There’s not a lot about the weeks after her death that Daniel remembers clearly, later, but he remembers this: ten days of sleeping in Jack’s bed, Jack’s hand always finding a place to rest on his shoulder, Jack’s thumb stroking slowly back and forth until he fell asleep.
“Can I ask you a personal question, Sergeant Howe?”
The sergeant in question blinks at him, looking slightly baffled, and then shakes her head once and gestures to the empty seat across the table. “Of course, Doc, but I think you should call me Jamie while you’re doing it, or this conversation is gonna be even weirder than necessary.”
“Of course,” he says, sitting down. “Jamie. You might as well call me Daniel, while we’re at it, then.”
“Doc might be hard to shake, but I’ll give it a try. What’s going on?”
He realizes, abruptly, that for all he’d psyched himself up to actually start this conversation he’d entirely failed to plan how the actual conversation might go, and something must show in his face, because she winks at him and has another bite of pie.
“Okay. All right.” One more moment. He takes a deep breath, lets it out slowly. “Your tattoo,” he says, gesturing to the wrist she’s got resting against the table. “Did you get it around here?”
At first, instead of answering, she rotates her arm and looks down at her wrist: a riot of blue flowers and green leaves, beautiful and vibrant. Hydrangeas, he thinks. There’s a name hidden among the blossoms, although he’s never looked hard enough to figure out what it is. Then she tilts her head to the side slightly, swallows her pie, chases it with a drink of water. “I did, actually, depending on how loosely you define ‘around here’. That’s not a particularly personal question, Daniel.”
“It might have been,” he protests, but it’s weak and he knows it. Another few seconds pass in silence as she looks at him, barely moving, and finally he gets out, “How did you make the decision to get it?
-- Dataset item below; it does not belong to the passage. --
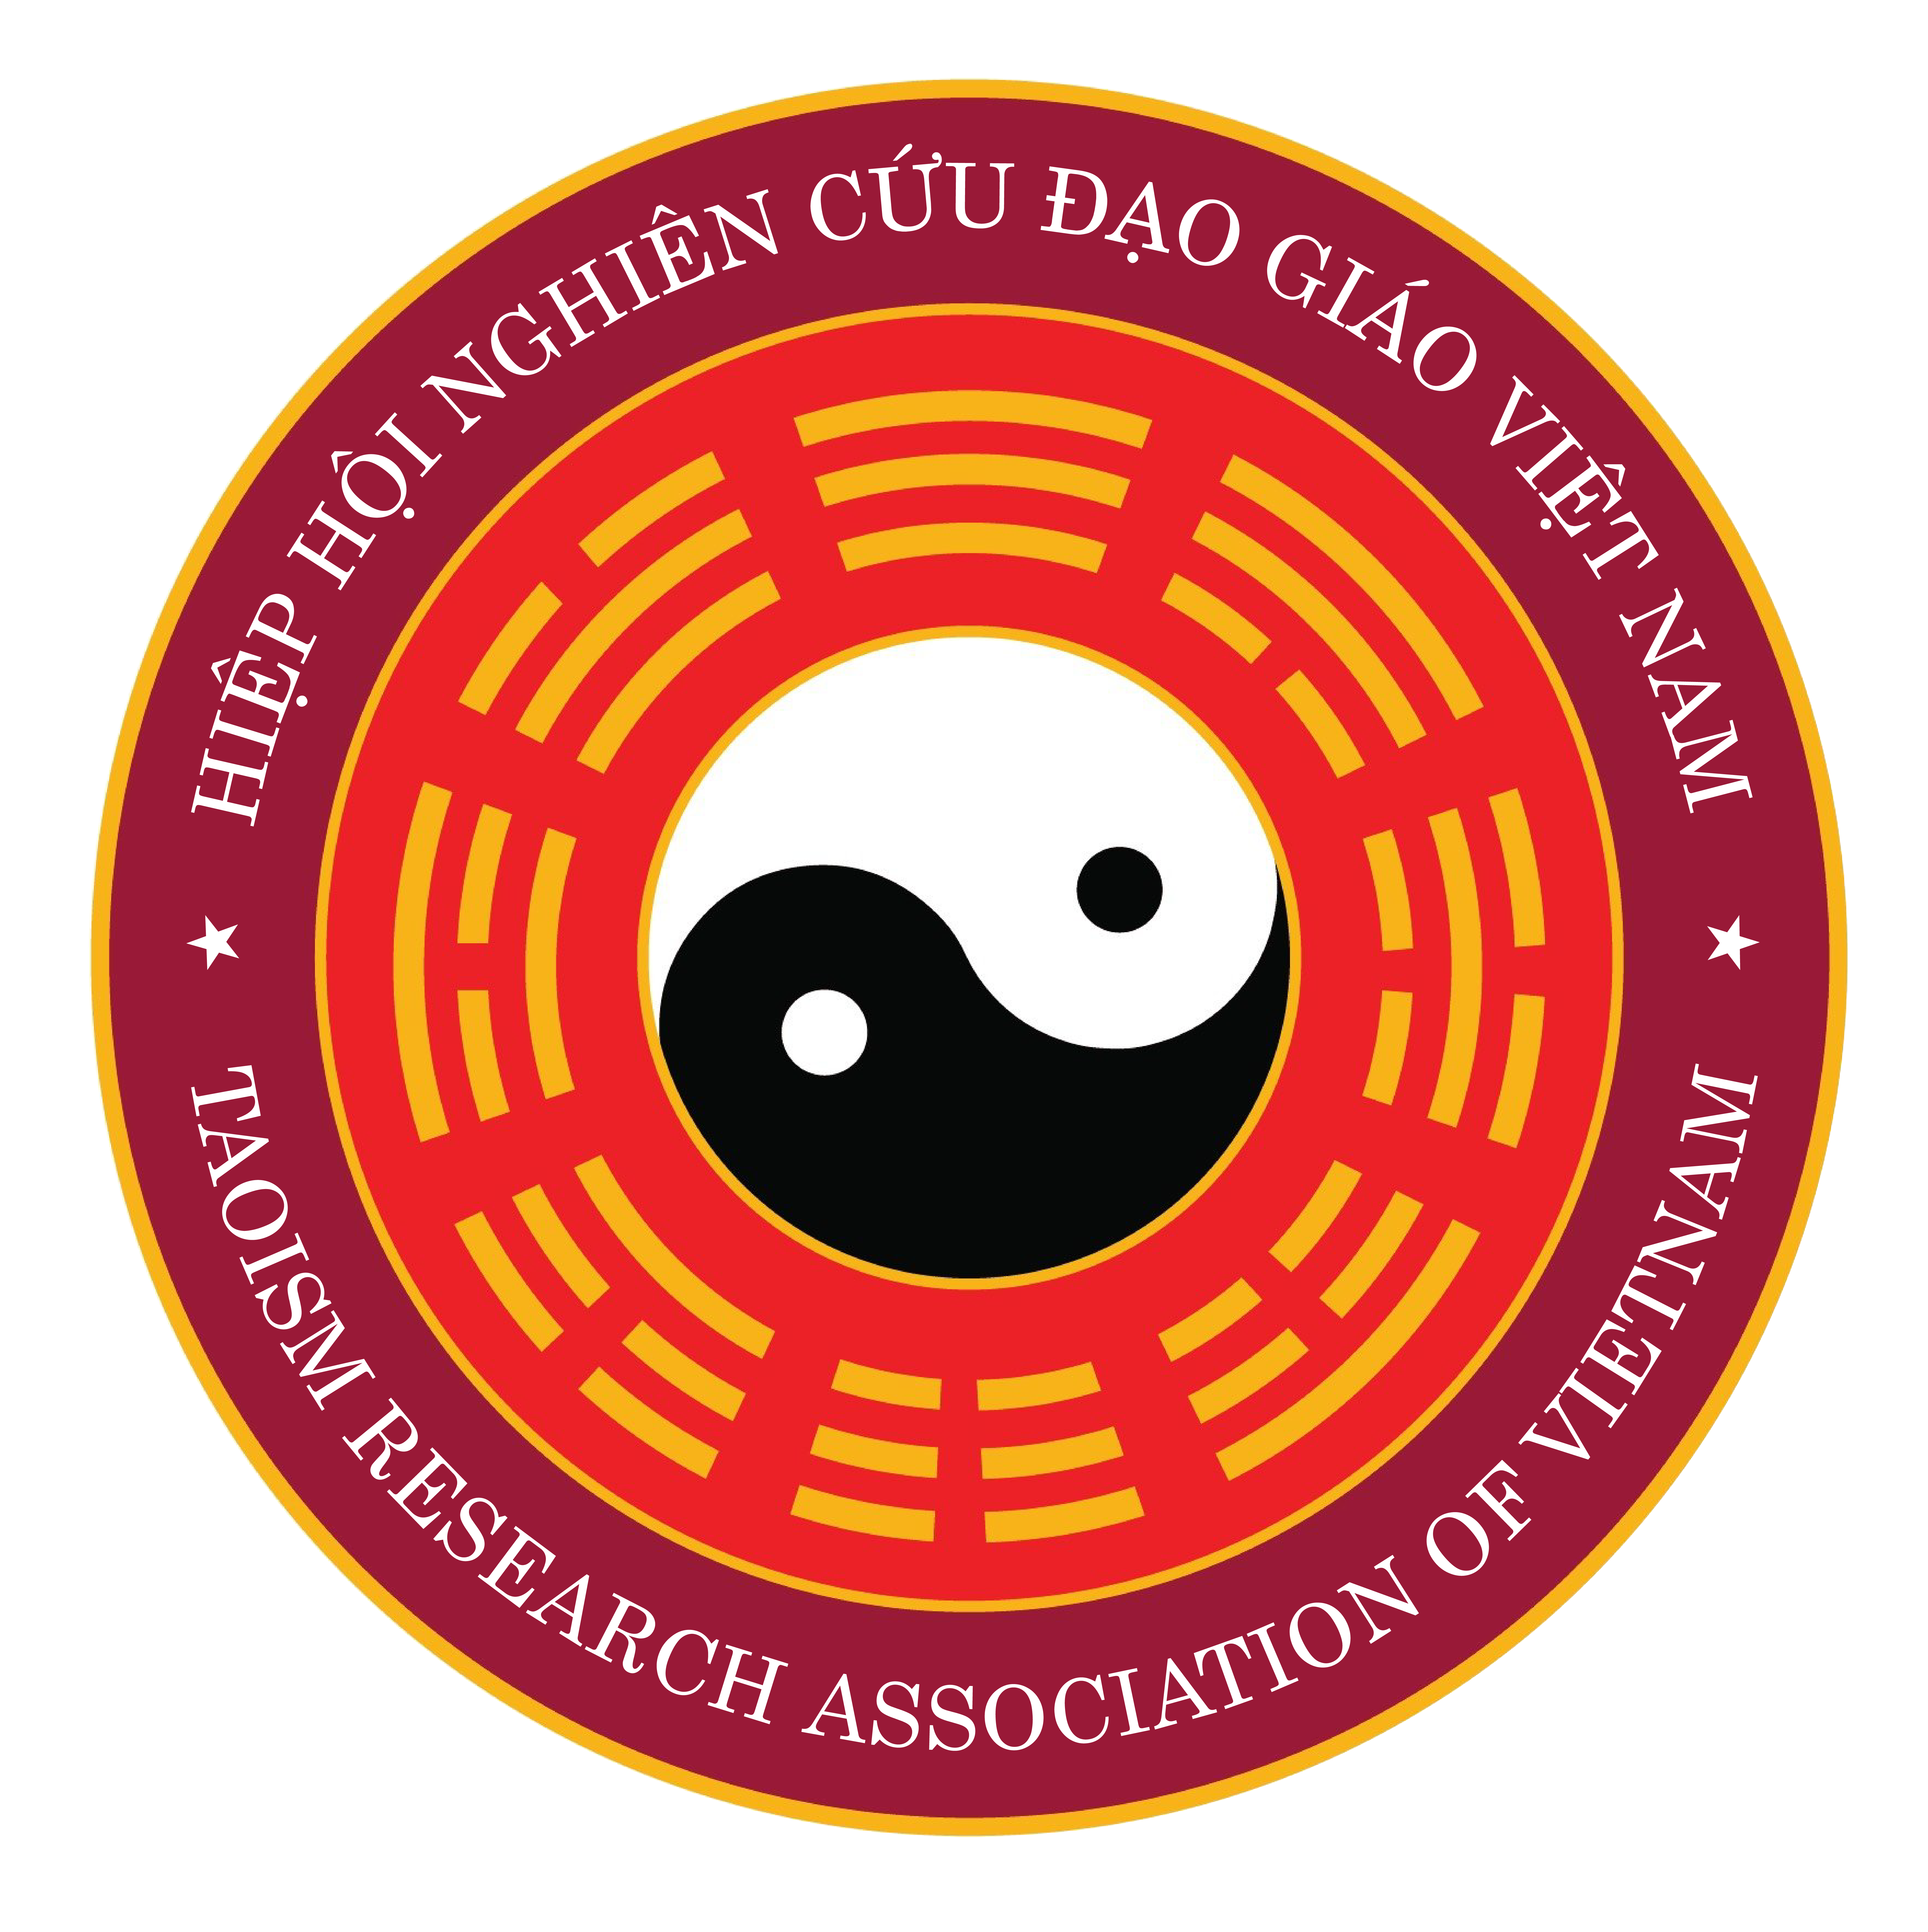 CỔNG THÔNG TIN ĐIỆN TỬ   Hiệp hội nghiên cứu Đạo giáo Việt Nam

Was it …” Hard, he wants to finish. Was it hard, was it easy, was it nauseating, was it everything you’d hoped it would be.
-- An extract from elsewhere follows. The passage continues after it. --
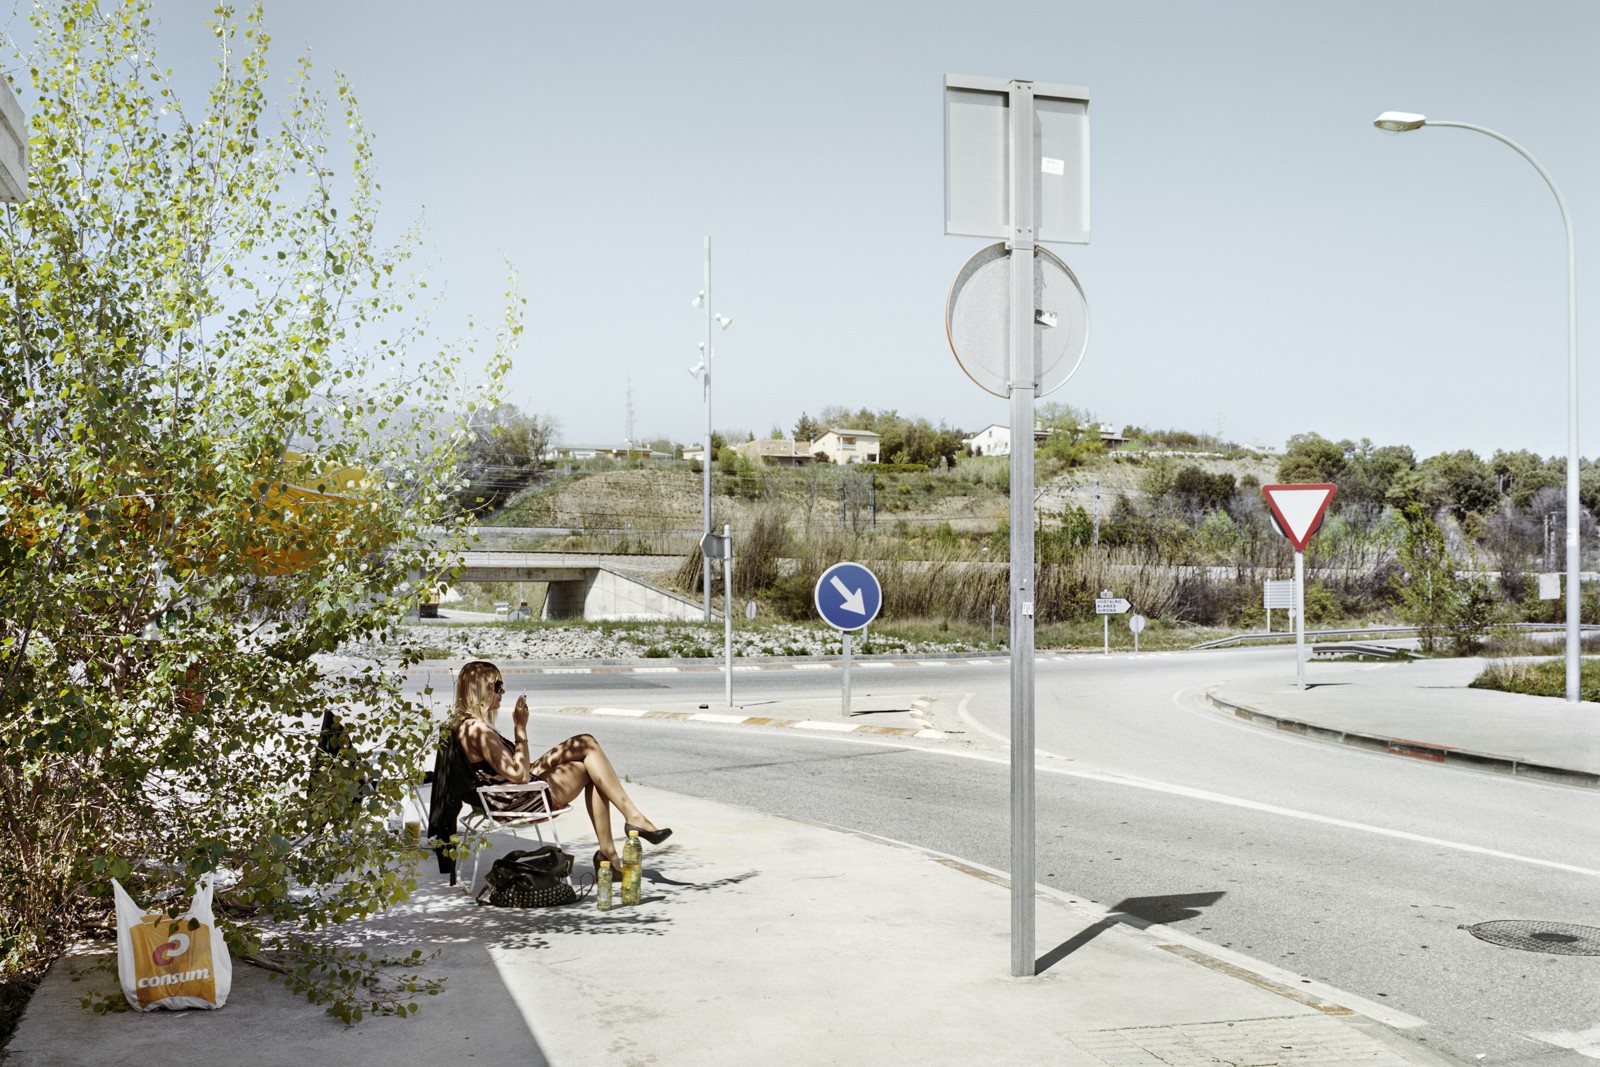 Сан-Селони, провинция Барселона, Трасса C-35. Фотопроект «Игра в ожидание». Фотограф Чема Сальванс

She has another drink, moving the liquid around in her mouth once or twice before swallowing. “I met my best friend when we were in kindergarten,” she says, evenly. “I let her borrow my purple crayon, she let me borrow her orange crayon, that was it. Neither of my parents had marks, and all my aunts and uncles who had them covered them up for their own reasons, but her parents kept theirs uncovered. It was the first time I’d seen them on any adults I really knew, first time that it actually meant something to me, you know?”
He nods once, just in case she wanted a response. And he remembers the feeling, actually. Both his parents had kept their marks covered, but there was a young woman who watched him sometimes who’d had a mark she refused to cover up. He’d been six when he finally got the nerve to ask her what it meant.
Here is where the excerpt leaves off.